A Scripture study from Caring, part three of four.
Part 3: The vineyard workers and the dignity of work
Behind the scenes:
Read what Scripture says in Matthew 20:1-16.
Beyond the surface:
Maybe you’ve been up early enough to see it in the city where you live. You drive by the local big-box home renovation, do-it-yourself giant store, and you see a crowd of men, many who are nationals, standing in the parking lots and public spaces, waiting. They are day-laborers who are available to work on projects, mostly requiring physical labor.
Jesus tells a parable of just such a scenario where a rich man rose extremely early in the morning to hire extra workers to help at his vineyard. He offered one denarius to each man for the day’s labor, which was the generous equivalent of a Roman soldier’s pay for the day. The workers happily agreed. Around 9 a.m., the rich man was in the marketplace and saw others needing a job. So, he also sent them to his vineyard, saying he’ll pay them whatever is right. This scene was repeated at noon, at 3 p.m., and finally again at 5 p.m., right before the closing of the day at 6 p.m.
The workers hired last were paid first and were paid one denarius. You can imagine the excitement and anticipation of those who were hired early in the morning and who had worked all day in the scorching sun, how much more would they be paid. However, when a single denarius was placed in each of their hands, their incredulous expressions broke into angry accusations of the owner’s unfairness in paying them the same as the recent hires.
The owner replied, “Friends, didn’t we agree that you would be paid one denarius for your work? You were satisfied with this agreement this morning. Isn’t it my right to do want I want with my own money? Can’t I be generous if I want to?”
At first glance, it may be difficult for us to not side with the workers hired in the early morning. It would seem rather unfair that the early workers labored longer and harder and yet received the same pay as the recently hired workers. However, they were paid what was agreed upon.
There are many lessons from this parable Jesus shared. First, it is up to the master to be generous and show mercy if he chooses to do so. One of the greatest examples of this is regardless of whether we have known and served Christ faithfully for many decades, compared to accepting him in the last moments of our lives like the two thieves beside Jesus on the cross, we will all receive eternal life. It is God’s choice to be generous and merciful.
Another observation from this parable is that regardless of the amount of work done by the different laborers, they were all paid a fair, living wage. They were paid enough to survive. Today it might be easy to look down upon those without an obvious education or skill. Perhaps they are victims of a lack of opportunity, discrimination or prejudice.
Even today, cashiers, fast-food workers, service industry workers and ironically, even employees who work inside the big-box companies will, even with an honest day’s work, not earn a fair, living wage, relegating them to poverty level.
Between the lines:
If one of the richest countries in the world struggles to pay its employees a living wage, how much more will other countries struggle?

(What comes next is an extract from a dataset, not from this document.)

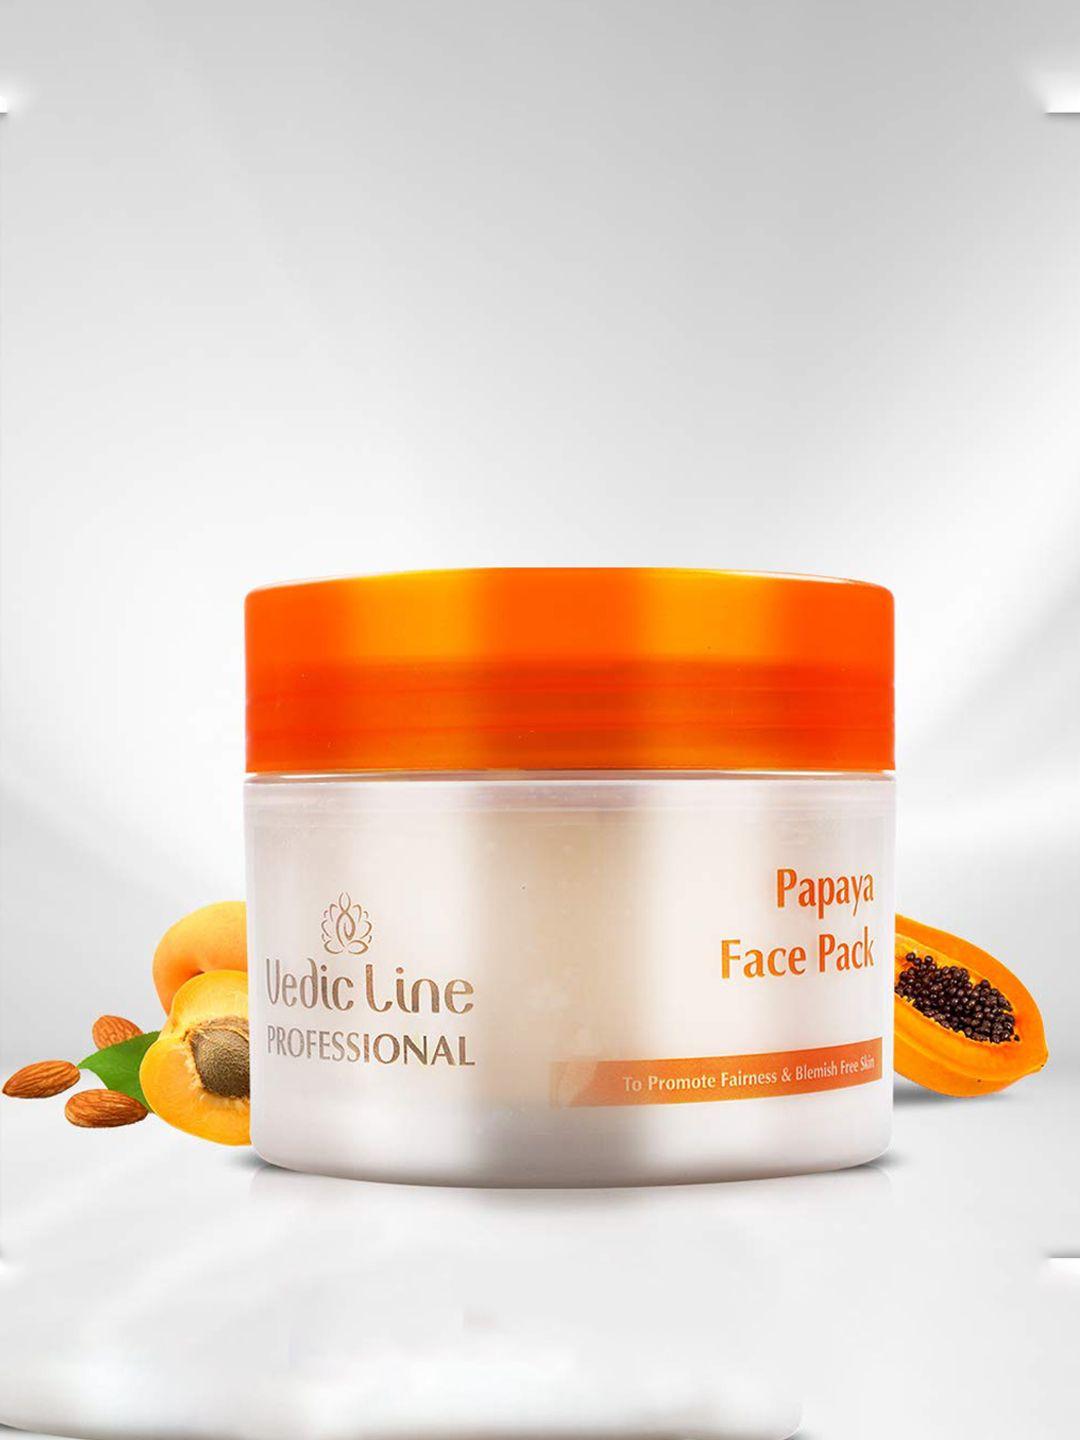 vedicline professional papaya face pack reduce pigmentation - 500ml

Populations suffering from poverty around the world are more vulnerable to crime, abuse and trafficking.
The United Nations Declaration of Human Rights Article 23states that every human being has the right to work, choose their work, to work in good conditions and to earn a fair living wage.
In this Christmas season, there are multiple ways to contribute dignity, independence and hope to those at home and around the world.
- Buy fair-trade products from your supermarkets and local stores and encourage your family, friends and colleagues to do the same.
- Learn about the stores you shop at and write them about your concern to get the fair-trade ball rolling.
- Give gifts that support fair-trade initiatives this Christmas season like those at tradeforhope.com, beautiful handmade products by artisans and producers from Bangladesh, Kenya, Pakistan and Moldova. In addition to learning a trade, producers are paid a fair, living wage for the goods they produce.
The story about the vineyard workers is about mercy, generosity and a fair, living wage. As we celebrate the birth of our Savior this Christmas season, consider the mercy God has shown you by salvation through his son, and choose to share from the generosity he continues to lavish upon your life.